Во Львове остались два собственных, принадлежавших Самуэлю Лему каменных дома, — в Кракове жильё пришлось снимать. Жизнь постоянно дорожала. В семьдесят с лишним лет известный врач вынужден был работать в самой обыкновенной казённой больнице; о частной практике нечего было и думать. Никакой компенсации за потерянное во Львове ждать не приходилось. В конце концов, Самуэль Лем попросту сжёг бумаги, подтверждавшие его права на львовские дома. Чтобы как-то помочь семье, Станислав начал писать рассказы для журналов так называемого лёгкого чтения. Одновременно он писал лирические стихи. И за рассказы, и за стихи платили одинаково мало. В надежде на более или менее приличный гонорар за первые два краковских года Лем перепробовал всё — от мистических рассказов до научно-популярных эссе и стихов.
«Я начал ходить со своими стихами по разным редакциям, — вспоминал он позже, — например, к Каролю Курылюку, когда “Odrodzenie” (“Возрождение”) выходило ещё в Кракове. Как и другие светлые личности, он выбрасывал меня с ними из редакции, за что я ему до сих пор благодарен. Помню также долгие разговоры с Пшибосем, который объяснял мне, что я пишу немного под Лесьмяна, а немного неизвестно под кого, что моя версификация строф, которой я придерживался, как пьяный — забора, никуда не годится, но всё это было бесполезно. Я гнул своё и очень любил рифмы и к ним кристальную версификацию. Все эти “произведения” я печатал у Туровича в “Tygodnik Powszechny” (“Всеобщий еженедельник”)…»{25}
Кстати, с католической газетой «Tygodnik Powszechny» Станислав Лем сотрудничал более пятидесяти лет.
Постепенно молодой поэт вошёл в непрочный, но всё время расширявшийся дружеский круг молодых писателей, среди которых была, кстати, Вислава Шимборская (1923–2012), будущий лауреат Нобелевской премии.
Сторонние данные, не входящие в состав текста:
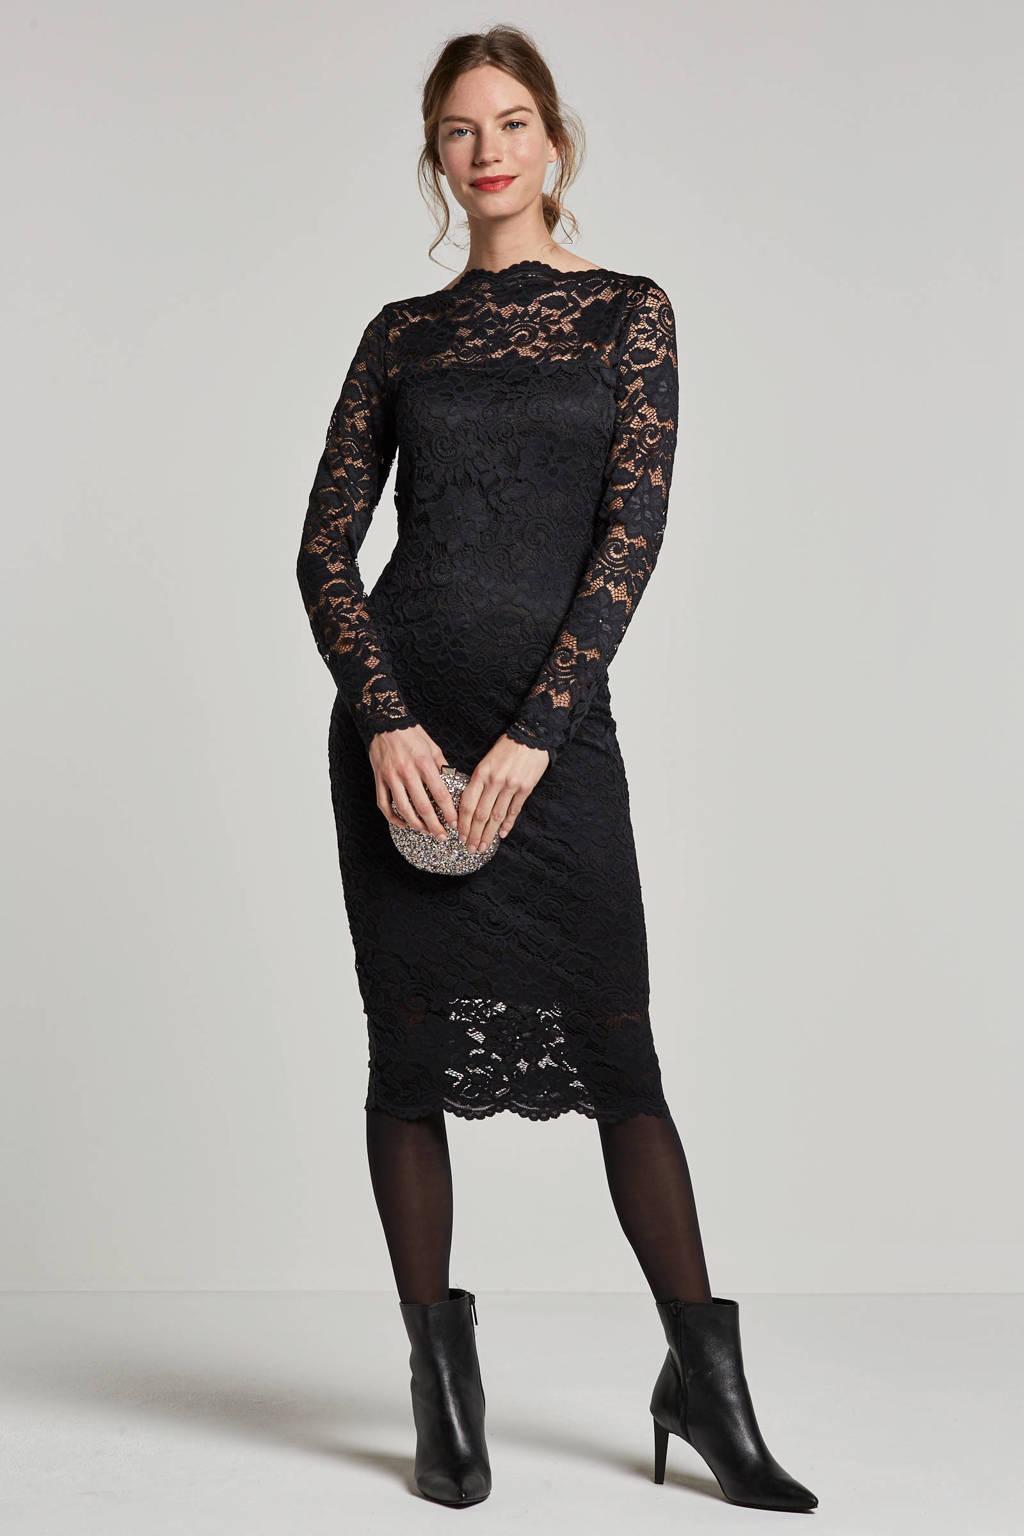 Wonderbaarlijk VILA kanten jurk | wehkamp WP-53

Они даже подружились. Шимборская в те годы поддерживала Лема. Её нисколько не пугали невесёлые настроения молодого поэта, значительно усиленные влиянием любимого им Рильке.
В тьму вбиты гвозди белых крестов.Берёзы — как траектории звёзд падучих.Мрак бесконечен, бегуч, крылат, лесист —Хребтом бьёт в застлавшую взгляд твердь тучи.Лишь одно напомнит о солнце — разбуженной иволги свист.Пламенем сломлен хор. Запомнится только глинеПодземная форма угасших губ.На могилах мята с полынью.На покровах, ничьих уж, трава сменяет траву.И моя смерть настанет. И тьма. Не знаю, за что живу[16].
2
Мир стремительно менялся.
Он менялся во всём — в одежде, в отношении к жизни, к вечным её ценностям.
Менялись вкусы, интересы, обычные бытовые заботы мешались с совершенно новыми, прежде незнакомыми. Война, массовые убийства, бессмысленное масштабное истребление, воздушные бомбёжки, трупы на улицах, ночёвки в подвалах, жизнь по фальшивым документам — всё это не могло пройти просто так, всё это что-то меняло в людях.
Изменился сам темп жизни.
Казалось, совсем недавно, в 1938 году (теперь уже в другом мире, совершенно другом), немецкие физики Отто Ган (1879–1968), Фриц Штрассман (1902–1980) и Лиза Мейтнер (1878–1968) впервые описали расщепление ядра урана, а уже весной 1941 года (тоже в другом мире) Энрико Ферми (1901–1954) завершил разработку теории цепной ядерной реакции. 6 декабря 1941 года в США было принято решение о выделении огромных средств и ресурсов на создание ядерного оружия. А через год — 2 декабря 1942 года — там же, в США, заработал первый в мире ядерный реактор и была осуществлена первая самоподдерживающаяся цепная ядерная реакция. И, наконец, 17 сентября 1943 года стартовал Манхэттенский проект, позволивший 16 июля 1945 года испытать в пустыне под городком Аламогордо (штат Нью-Мексико) первое ядерное взрывное устройство — «Gadget» (одноступенчатое, на основе плутония).